We are now ready to define our classifier. We will use a simple CNN architecture to identify each signal according to its nature, and we will create a regularised and non-regularised version of the model to compare their performance for different levels of noise in the signal.

Convolutional Neural Networks

Convolutional Neural Networks (CNNs) are a type of deep learning model that is particularly well-suited for image classification tasks. They are designed to automatically and adaptively learn spatial hierarchies of features from input data. CNNs are made up of layers that detect patterns in the input data, such as edges, shapes, and textures, and combine them to recognize more complex patterns like objects or scenes. In our case, we are using a CNN to classify signals based on their shape, which is not too dissimilar from classifying images based on their content - we are looking for patterns in the data that help us distinguish between different classes.

Regularisation improves a model’s ability to generalise by preventing it from overfitting to noise and minor fluctuations in the training data, leading to better performance on unseen data. We will use a form of regularisation called weight decay, which penalises large weights in the model. We will also use dropout to prevent the model from overfitting to the training data, and L1 regularisation in the training_step function to penalize large weights in the model.

We could spend a lot of time going through the details of hyperparameters, the loss function, and the optimizer, but for now, let’s focus on the regularisation techniques we are using to improve the model’s performance and the effect they have on its ability to generalise to unseen shapes of data.

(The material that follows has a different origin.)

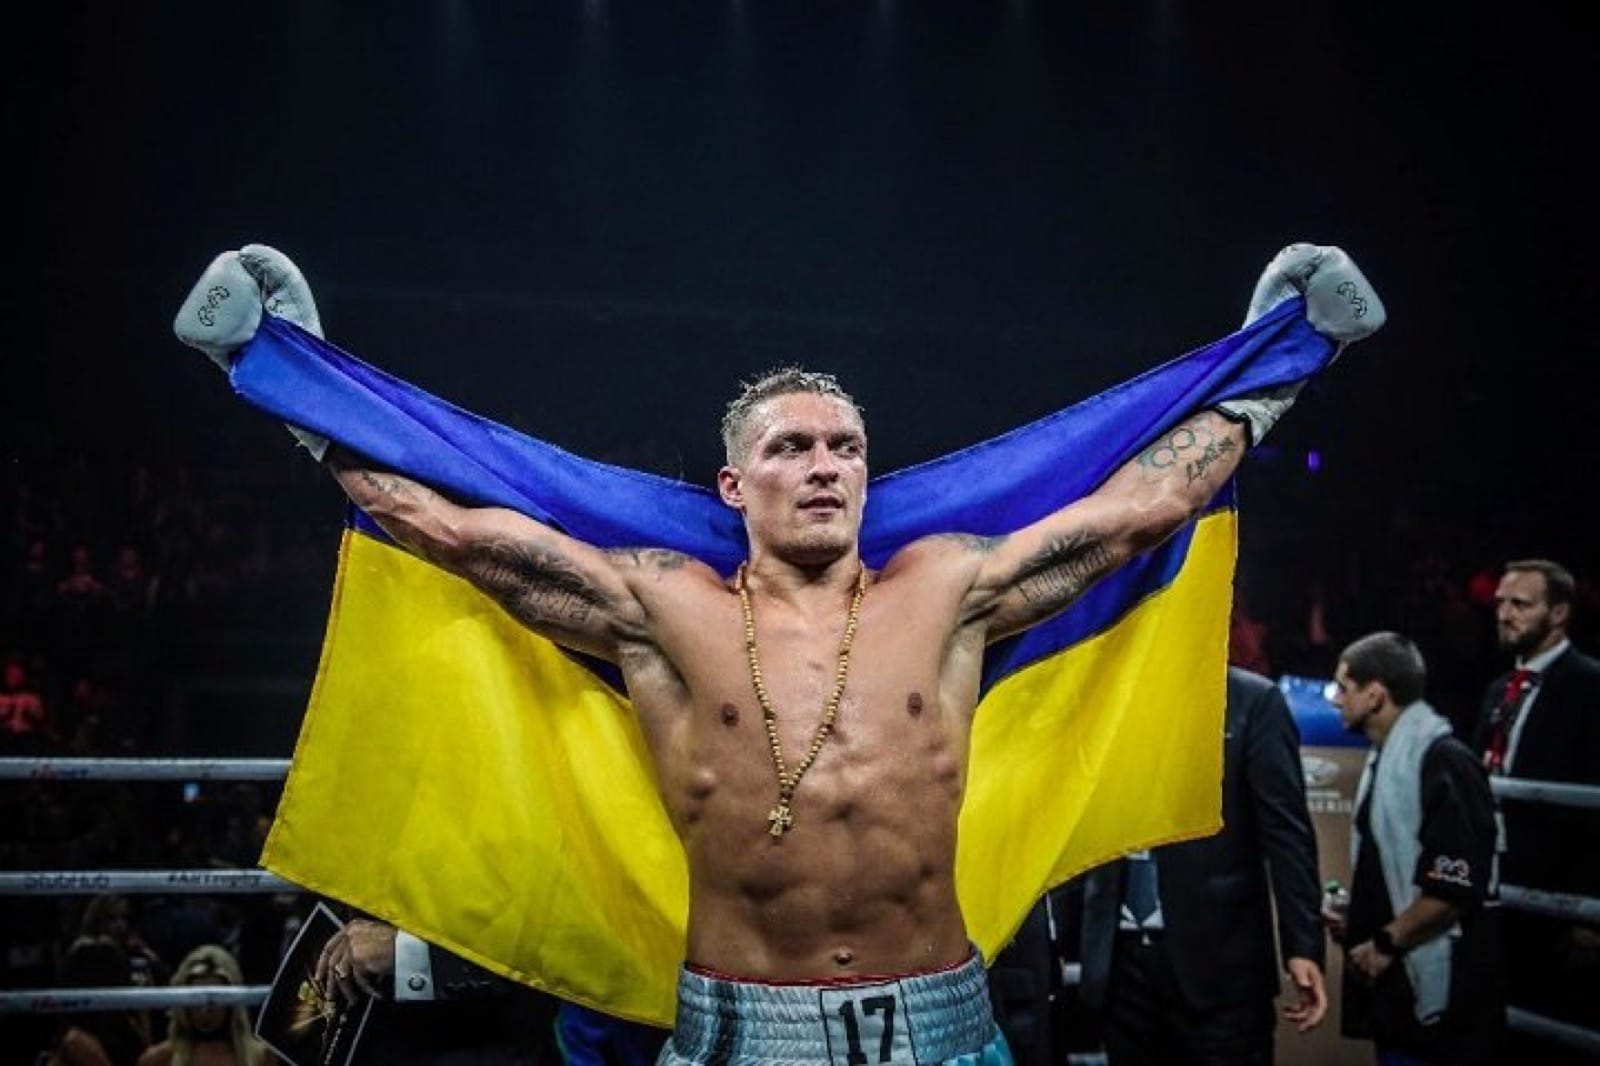 Alexander Usyk, Anthony Joshua boxing photo and news image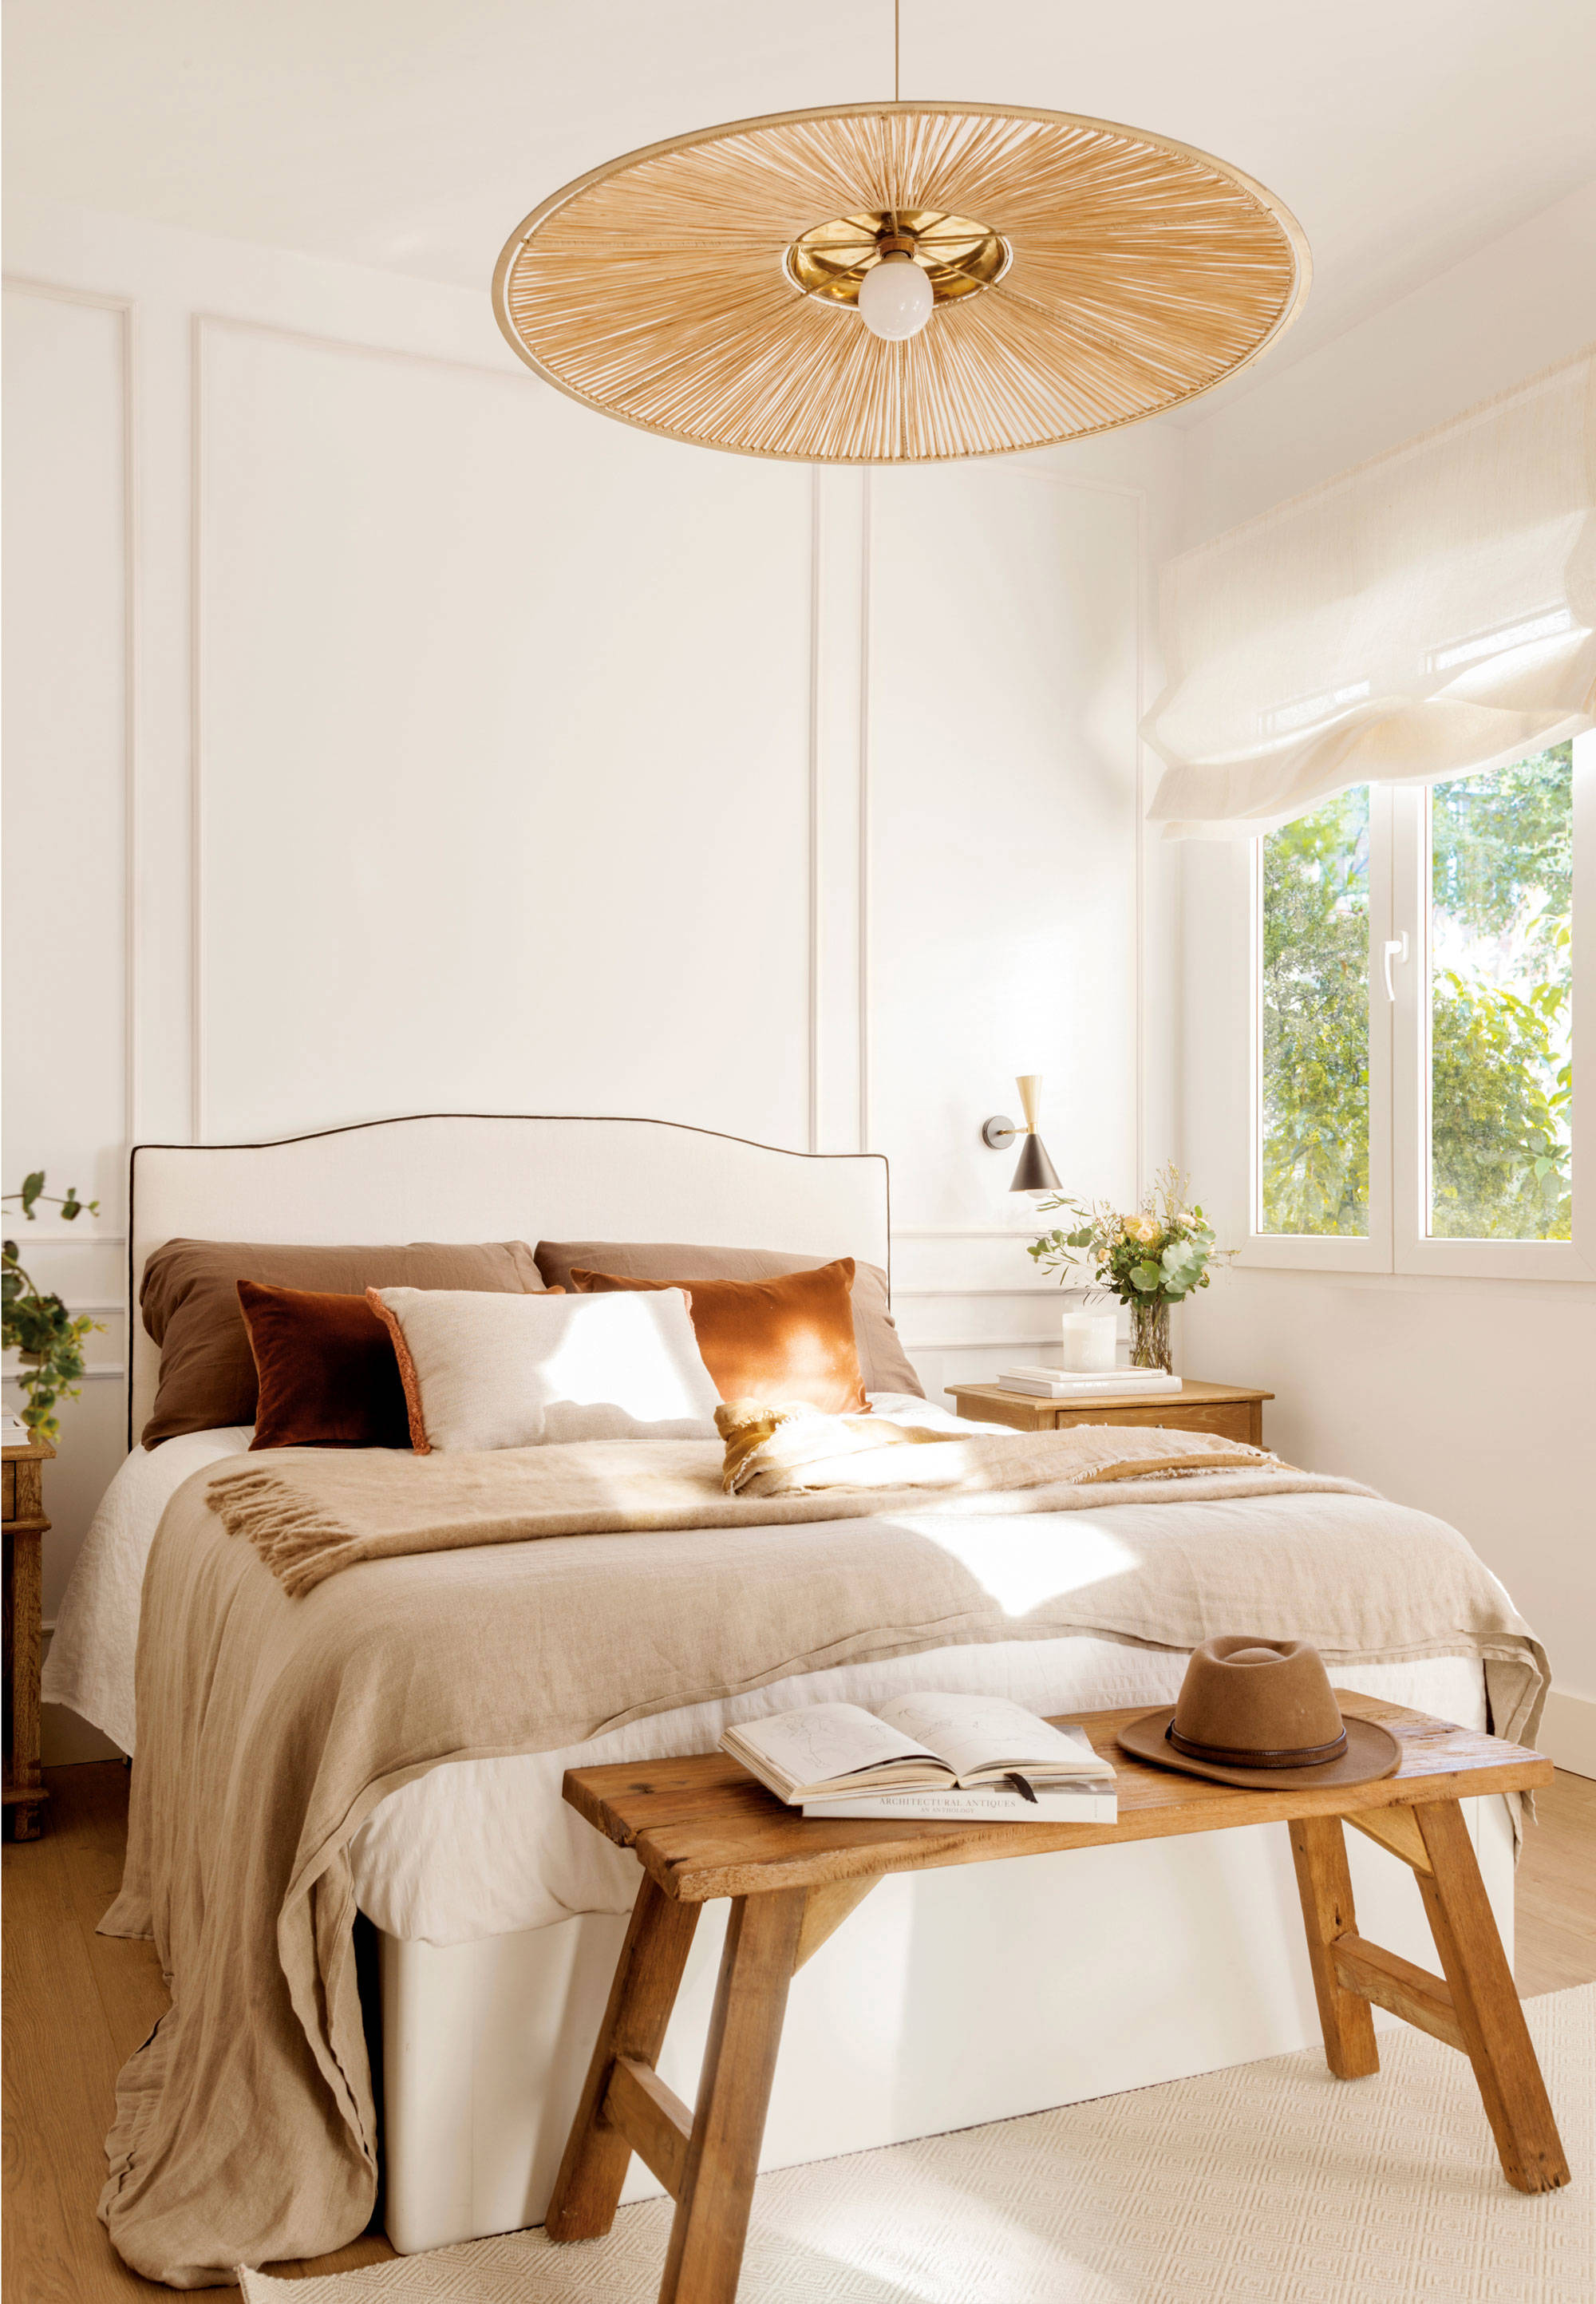 Dormitorio decorado en blanco y madera con molduras en la pared.

We can summarise all these common techniques in a single diagram to help put things into perspective.

flowchart TD
    M[Model]
    L[Loss Function]
    L1((L1 Regularisation))
    L2((L2 Regularisation))
    WD((Weight Decay))
    D[Dropout]

    M -- "trained via" --> L
    L -- "includes" --> L1
    L -- "includes" --> L2
    L1 -- "penalizes absolute weights" --> M
    L2 -- "penalizes squared weights" --> M
    WD -- "penalizes weights" --> M
    D -- "randomly deactivates neurons" --> M

    classDef dblCircStyle fill:#ffcccc,stroke:#ff0000,stroke-dasharray:5,5;
    classDef rectStyle fill:#ccffcc,stroke:#008000,stroke-dasharray:5,5;

    class L1,L2,WD dblCircStyle;
    class D rectStyle;

    linkStyle 0 stroke:#1f77b4,stroke-width:2px;
    linkStyle 1 stroke:#2ca02c,stroke-dasharray:5,5,stroke-width:2px;
    linkStyle 2 stroke:#2ca02c,stroke-dasharray:5,5,stroke-width:2px;
    linkStyle 3 stroke:#d62728,stroke-dasharray:3,3,stroke-width:2px;
    linkStyle 4 stroke:#d62728,stroke-dasharray:3,3,stroke-width:2px;
    linkStyle 5 stroke:#ff7f0e,stroke-dasharray:5,5,stroke-width:2px;
    linkStyle 6 stroke:#9467bd,stroke-dasharray:5,5,stroke-width:2px;

Here’s the definition of our regularised CNN model.

Show the code

import torch
from torch import nn
import torch.nn.functional as F
import pytorch_lightning as pl

out_channels = 16
kernel_size = 5
weight_decay = 1e-4
l1_lambda = 1e-4
dropout_rate = 0.075


class CurveClassifierWithRegularisation(pl.LightningModule):
    def __init__(
        self,
        n_classes,
        seq_length,
        weight_decay=weight_decay,
        dropout_rate=dropout_rate,
        l1_lambda=l1_lambda,
    ):
        super().__init__()
        self.save_hyperparameters()  # This saves n_classes, seq_length, weight_decay, dropout_rate, and l1_lambda.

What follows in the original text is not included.